In vivo and postmortem clinicoanatomical correlations in frontotemporal dementia and parkinsonism linked to chromosome 17

Bernardino Ghetti*, Salvatore Spina, Jill R. Murrell, Edward D. Huey, Pietro Pietrini, Brian Sweeney, Eric M. Wassermann, Catherine Keohane, Martin R. Farlow, Jordan Grafman

*Corresponding author for this work

Research output: Contribution to journalArticlepeer-review

26 Scopus citations

Abstract

Background: Frontotemporal dementia and parkinsonism linked to chromosome 17 (FTDP-17) is associated with mutations in the Microtubule-Associated Protein Tau(MAPT) gene or the Progranulin(PGRN) gene. MAPT mutations lead to widespread deposition of hyperphosphorylated tau protein (FTDP-17T). PGRN mutations are associated with ubiquitin- and TDP-43-positive inclusions in the frontotemporal cortex, striatum and hippocampus (FTDP-17U). Despite the differences, FTDP-17T and FTDP-17U share a largely overlapping clinical phenotype. Objective: To determine whether neuroimaging studies may allow an in vivo early differentiation between FTDP-17T and FTDP-17U. Methods: We studied 25 individuals affected with FTDP-17T associated with either the exon 10+3 (24 subjects) or the G335S (1 subject) MAPT mutation, as well as 3 FTDP-17U individuals, who were carriers of the A9D, IVS6-2A>G or R493X PGRN mutation. Neuroimaging studies, obtained along the course of the disease, were compared to the neuropathologic findings.
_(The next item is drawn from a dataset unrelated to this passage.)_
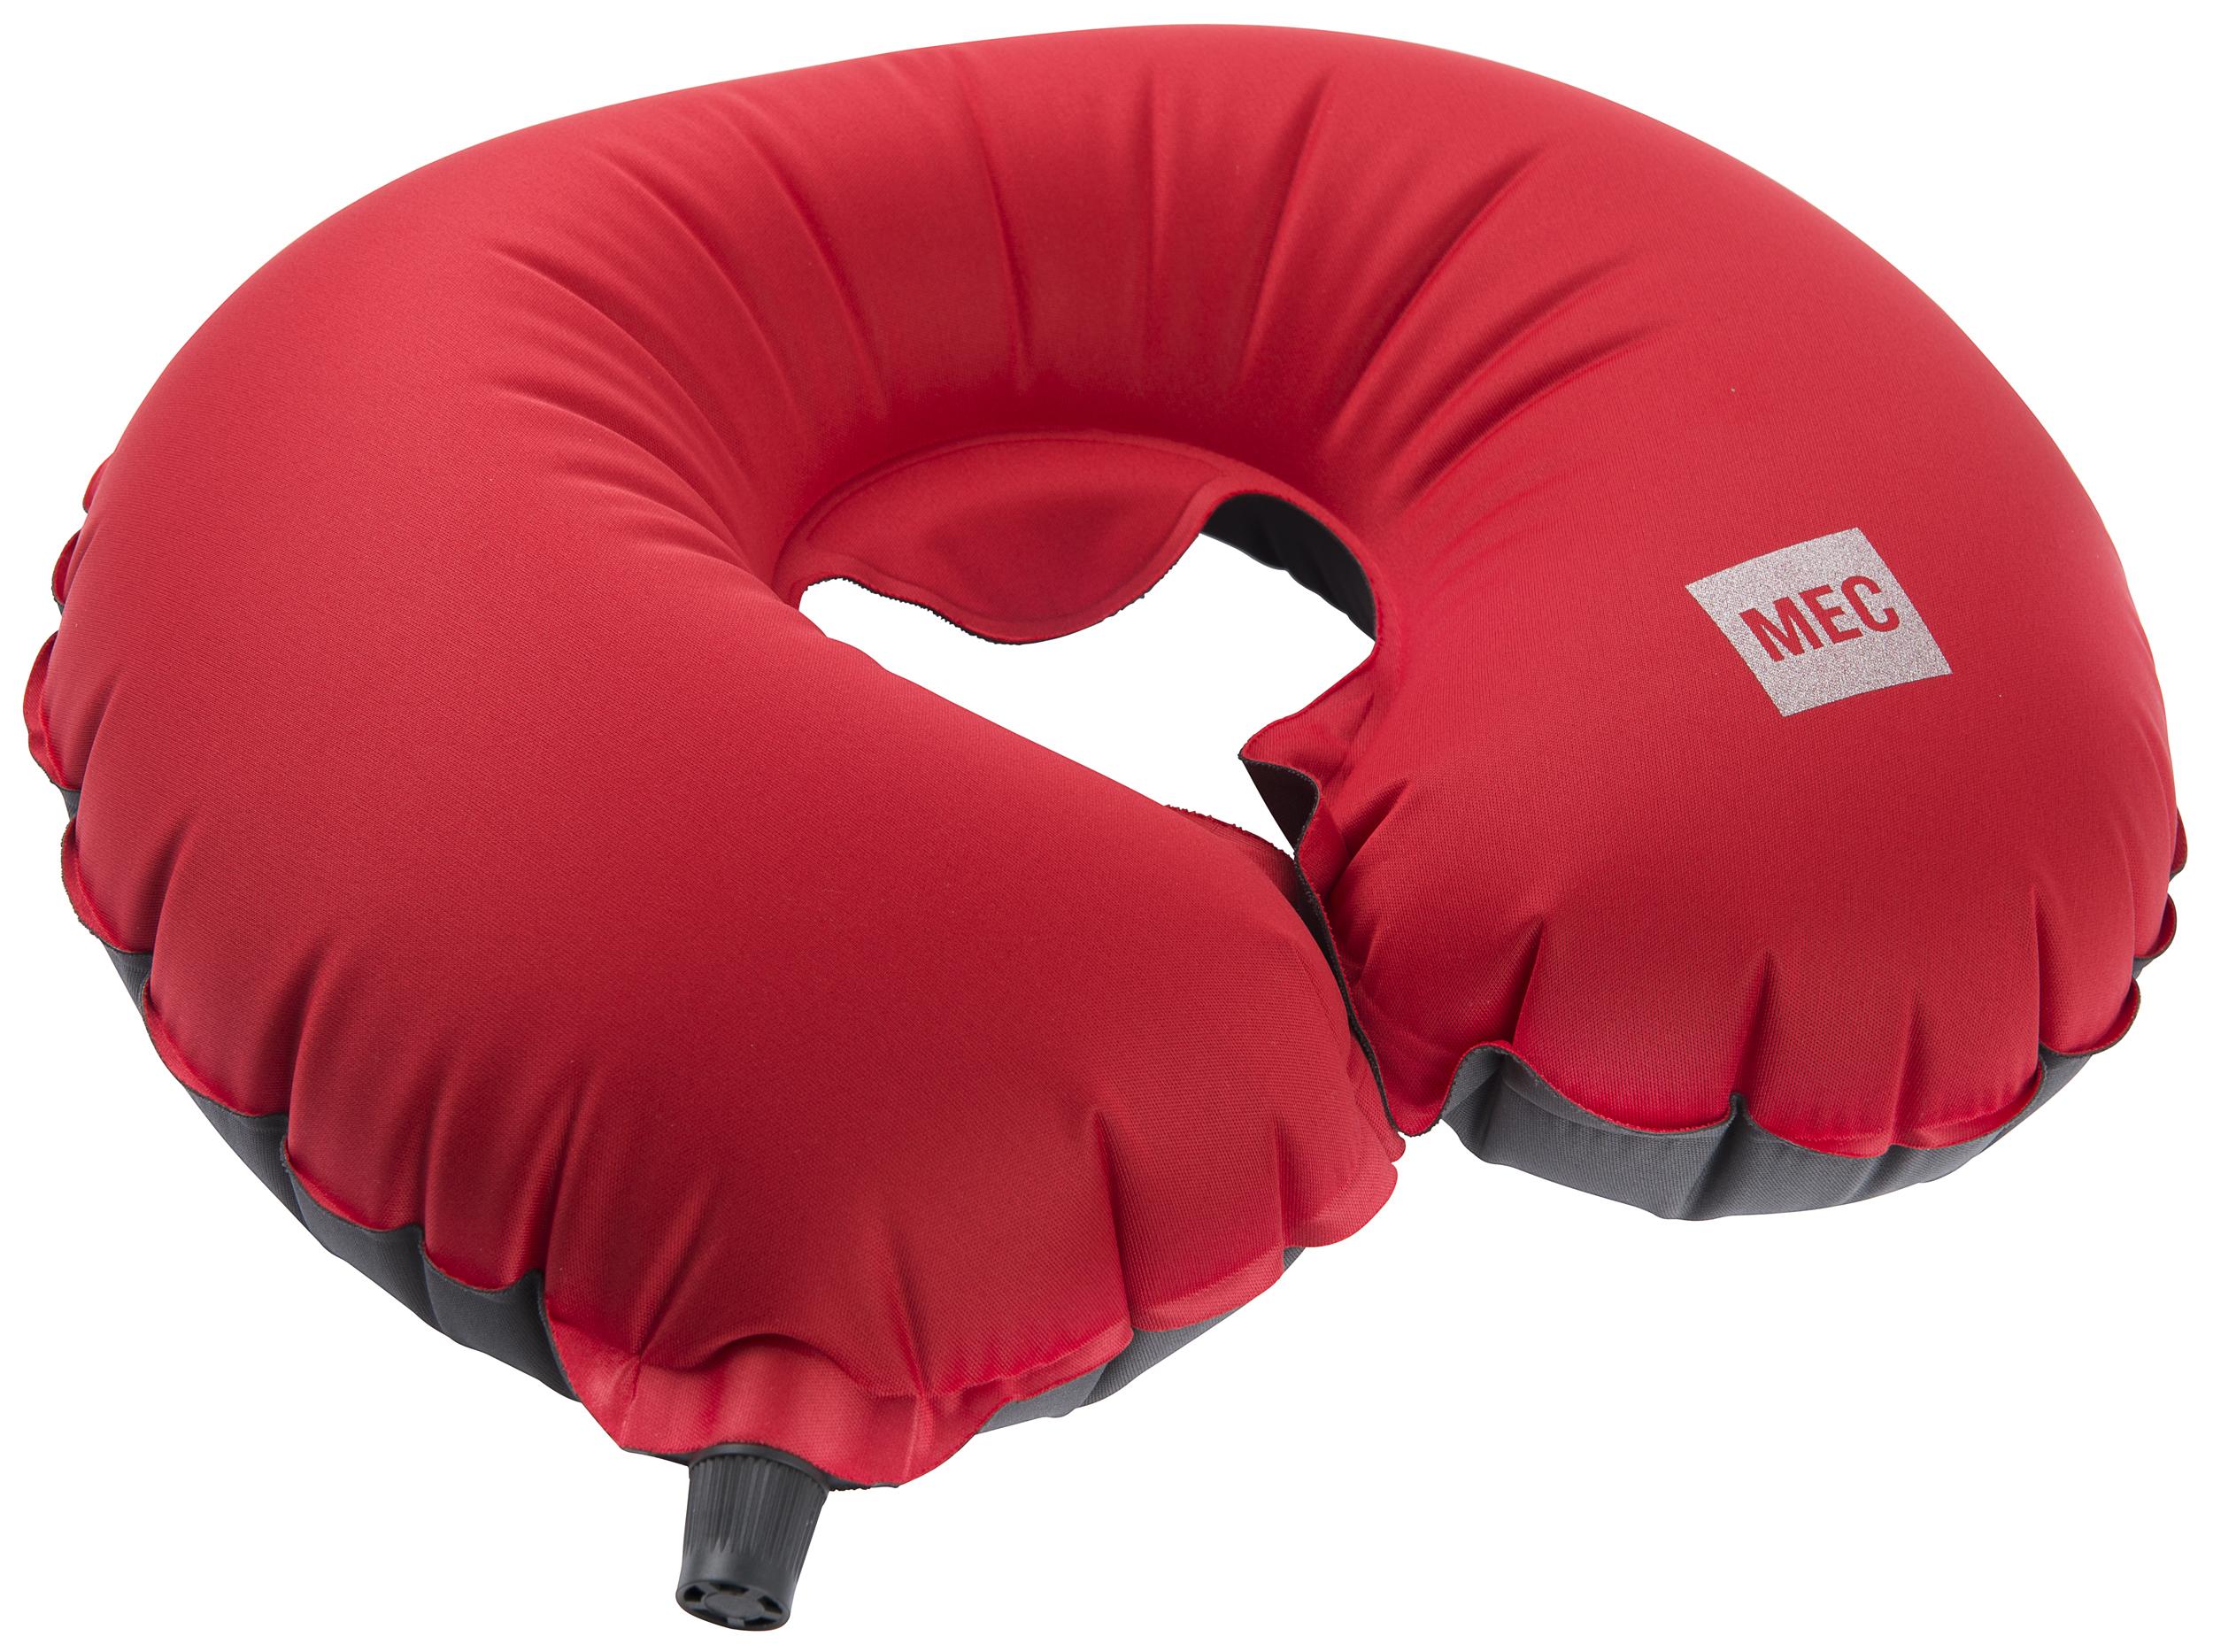 ekm cushion pillow pack decorative p covers trellis design red asp
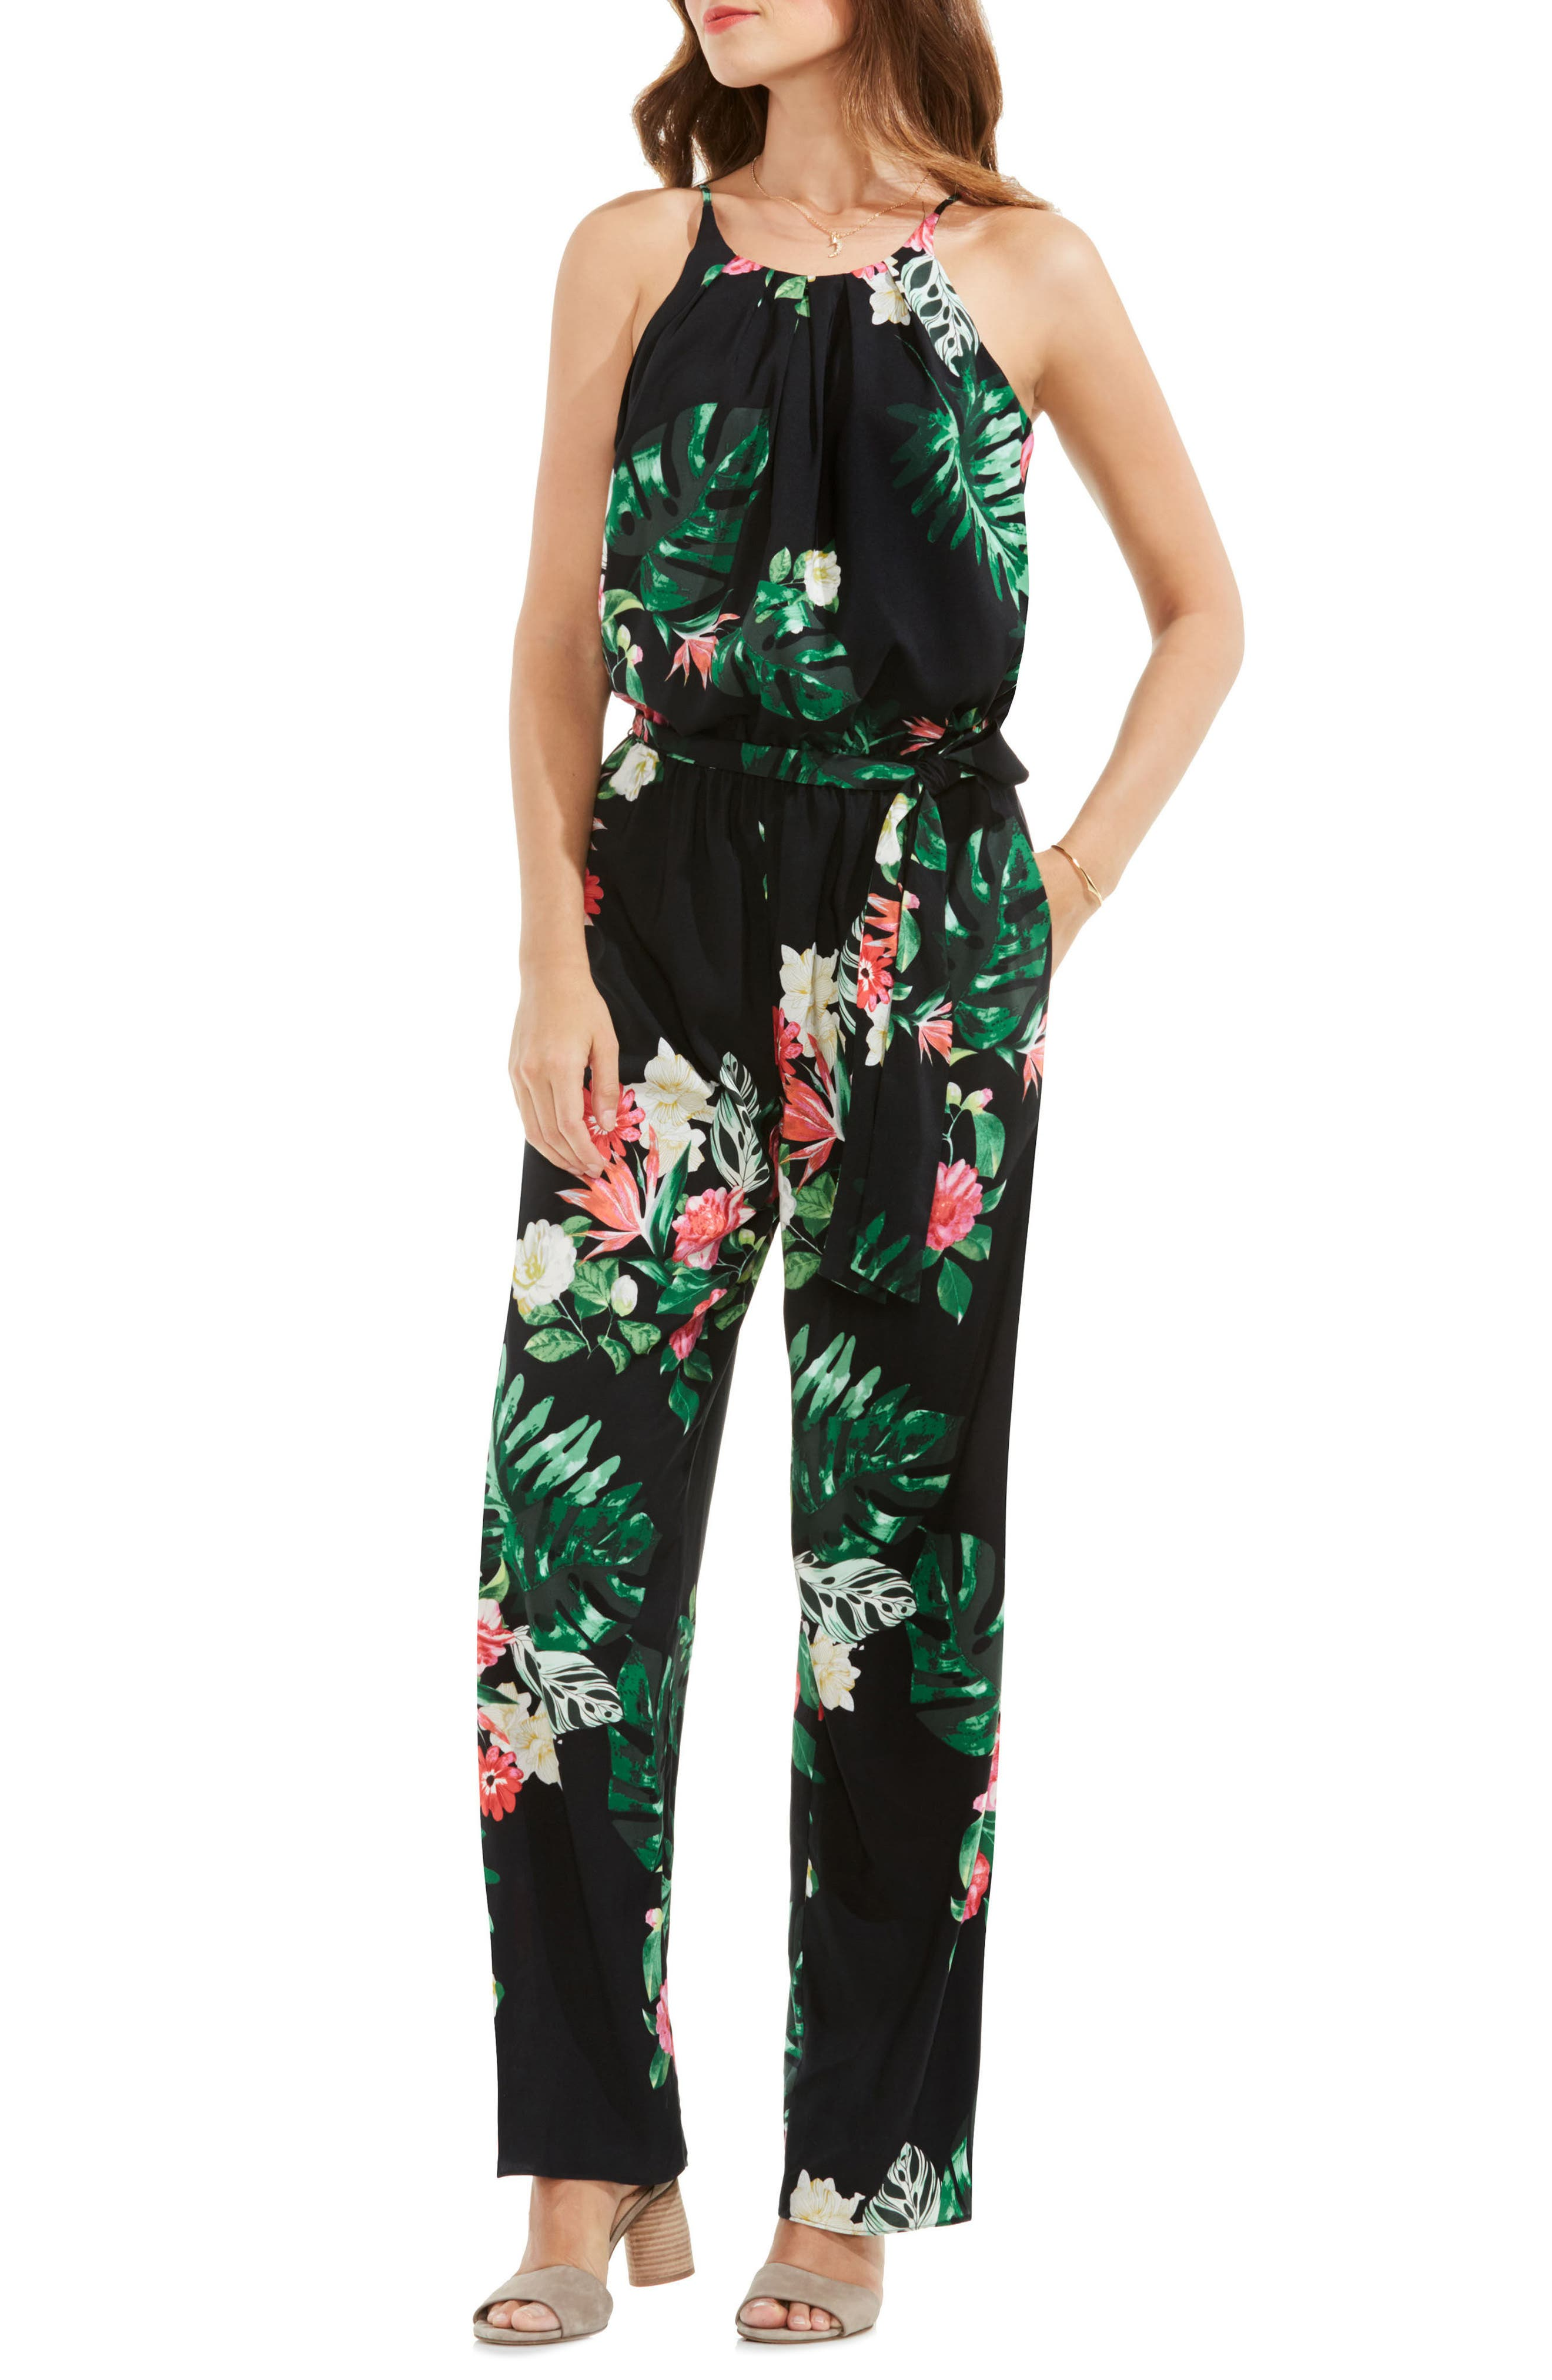 Alternate Image 1 Selected - Vince Camuto Havana Tropical Tie Waist Jumpsuit

Results: FTDP-17T cases were associated with symmetric frontotemporal atrophy. Behavioral changes constituted the predominant clinical presentation. Conversely, an asymmetric degenerative process was seen in all 3 PGRN cases, who presented with either corticobasal syndrome (A9D) or frontotemporal dementia and language deterioration (IVS6-2A>G and R493X). Conclusion: Neuroimaging data, in the early disease stage of FTDP-17, may offer the possibility of an early differentiation of FTDP-17T and FTDP-17U phenotypes, independent of the genetic analysis.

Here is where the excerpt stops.